> Work request:
Full transcription, minus images: write out the listing below exactly as it appears.
Stored data section start
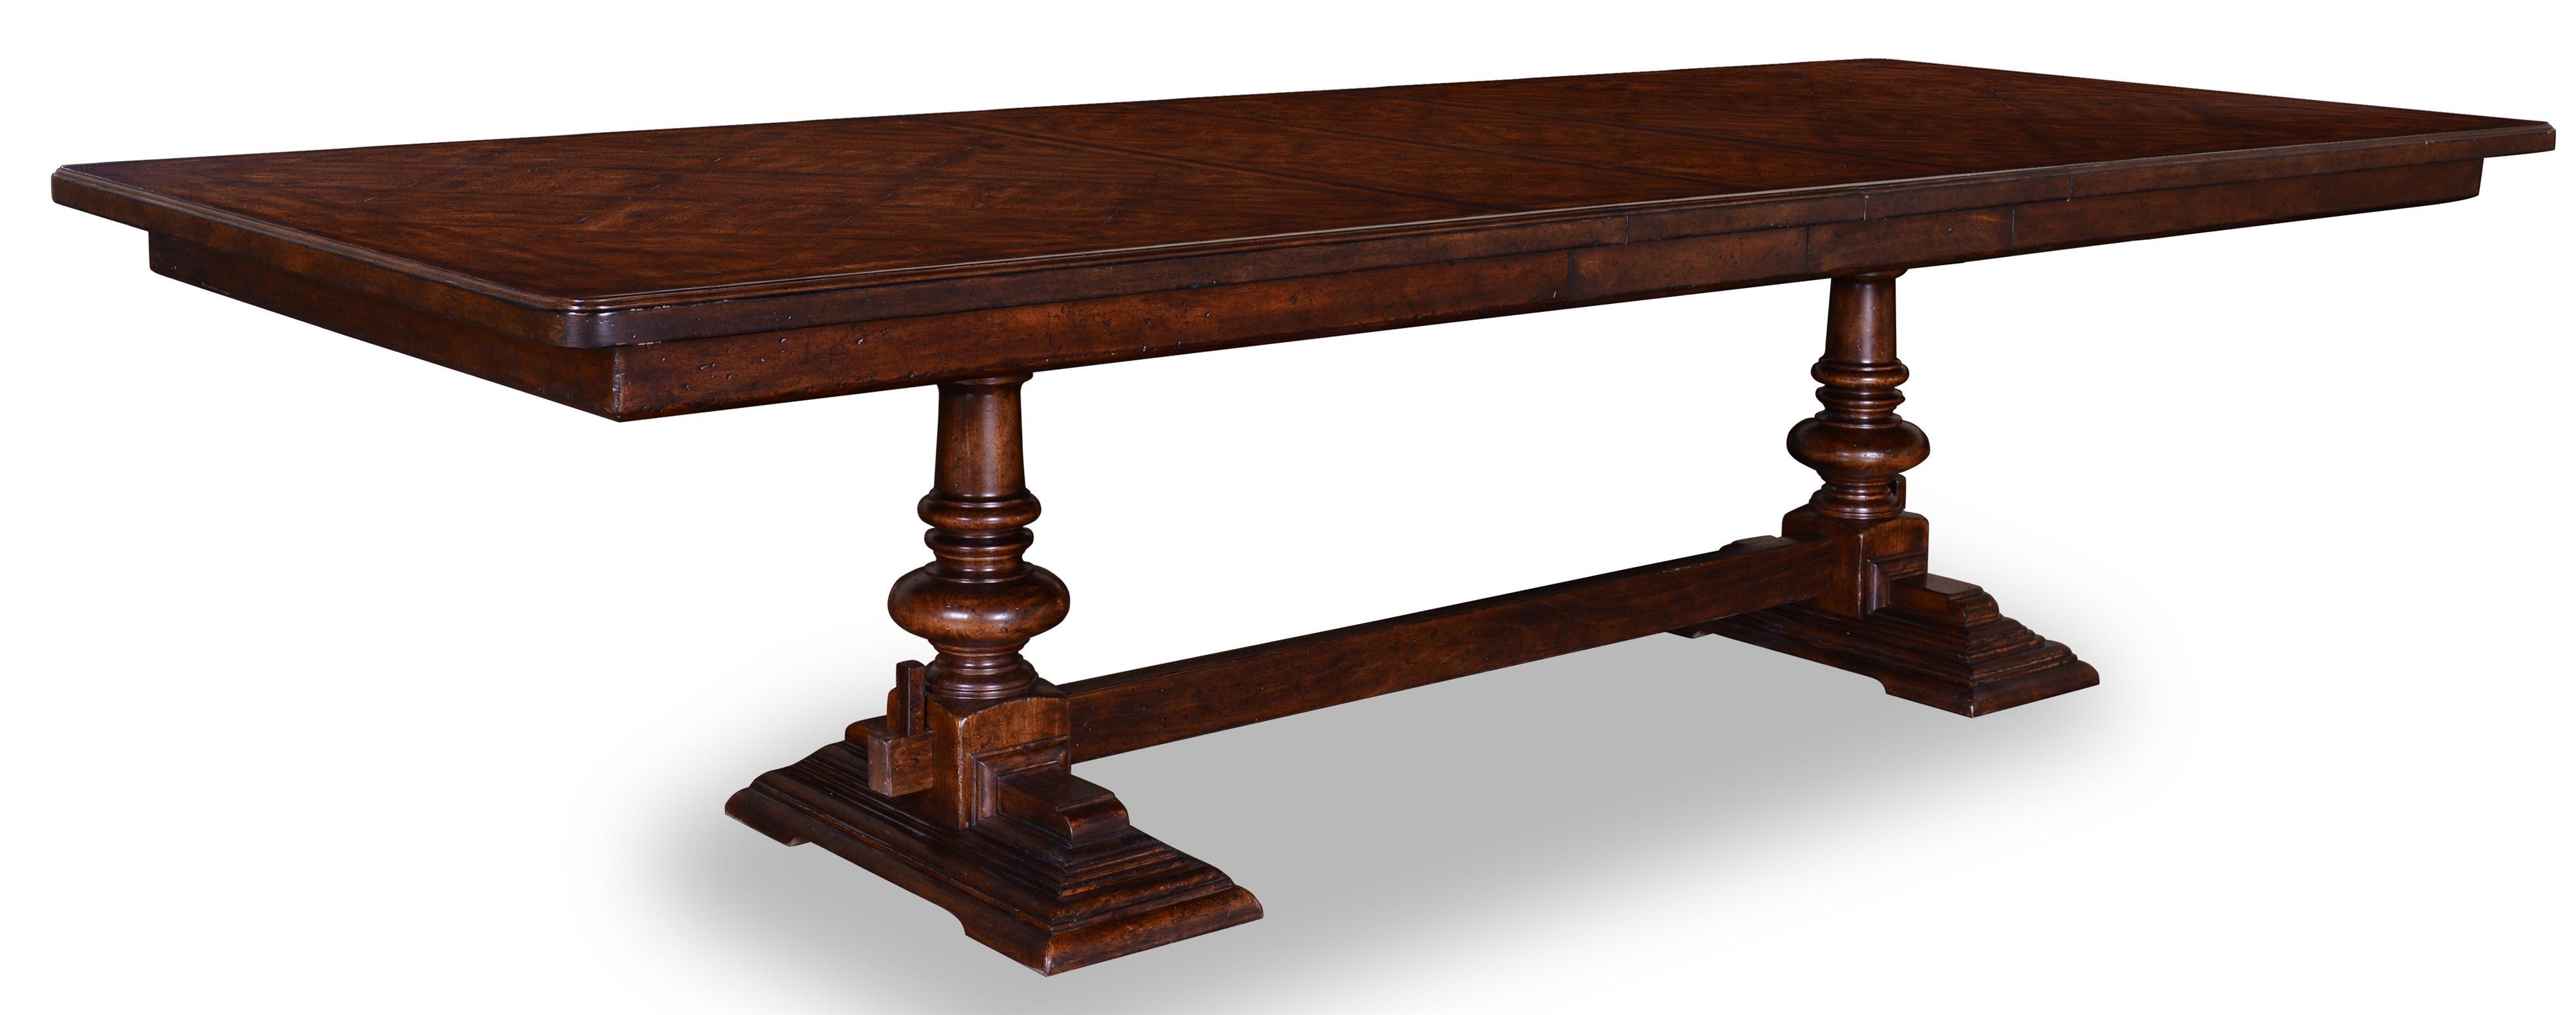 Belfort Signature Belvedere Trestle Dining Table - Item Number: 205221-2304
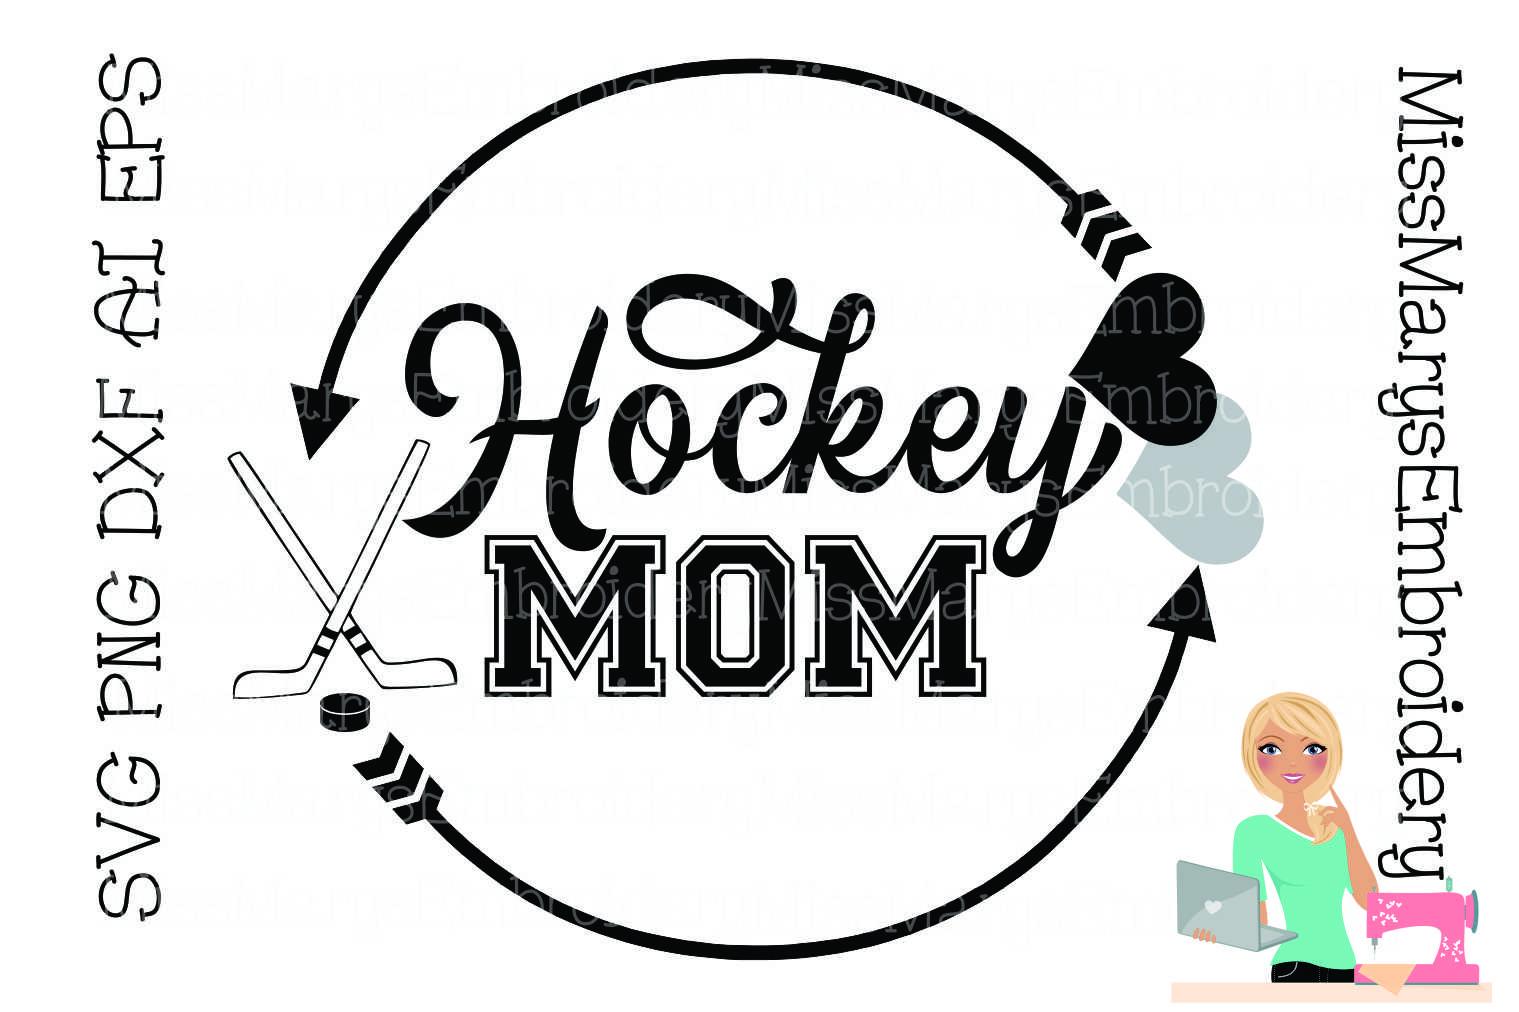 Hockey Mom SVG Cutting File PNG DXF AI EPS Hockey example image 1
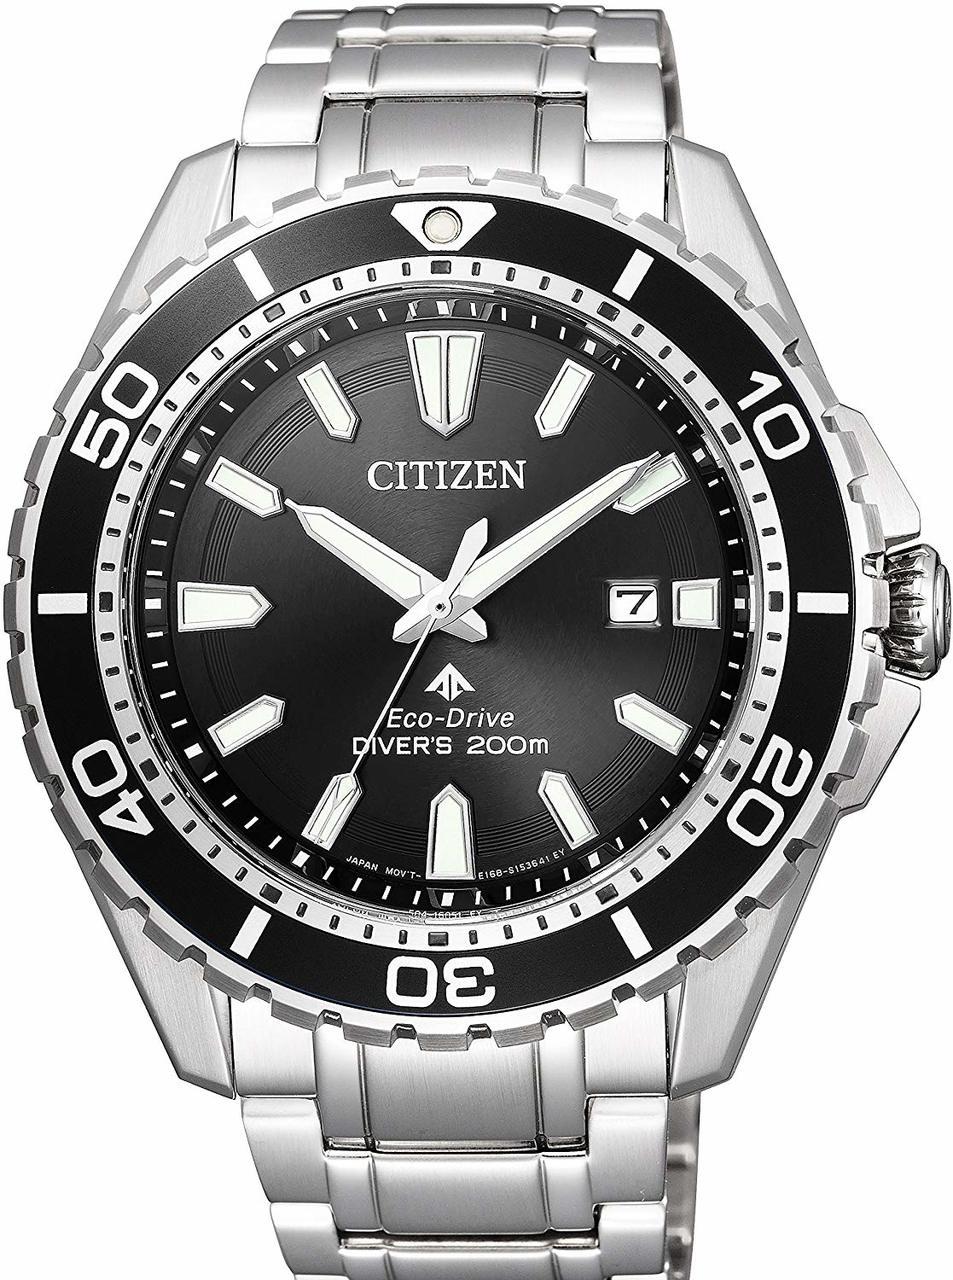 Montre Citizen Promaster Eco-Drive BN0190-82E (dutyfreeislandshop.com)
Stored data section end
> Solution to this problem:
 Belfort Signature Belvedere Trestle Dining Table - Item Number: 205221-2304
 Hockey Mom SVG Cutting File PNG DXF AI EPS Hockey example image 1
 Montre Citizen Promaster Eco-Drive BN0190-82E (dutyfreeislandshop.com)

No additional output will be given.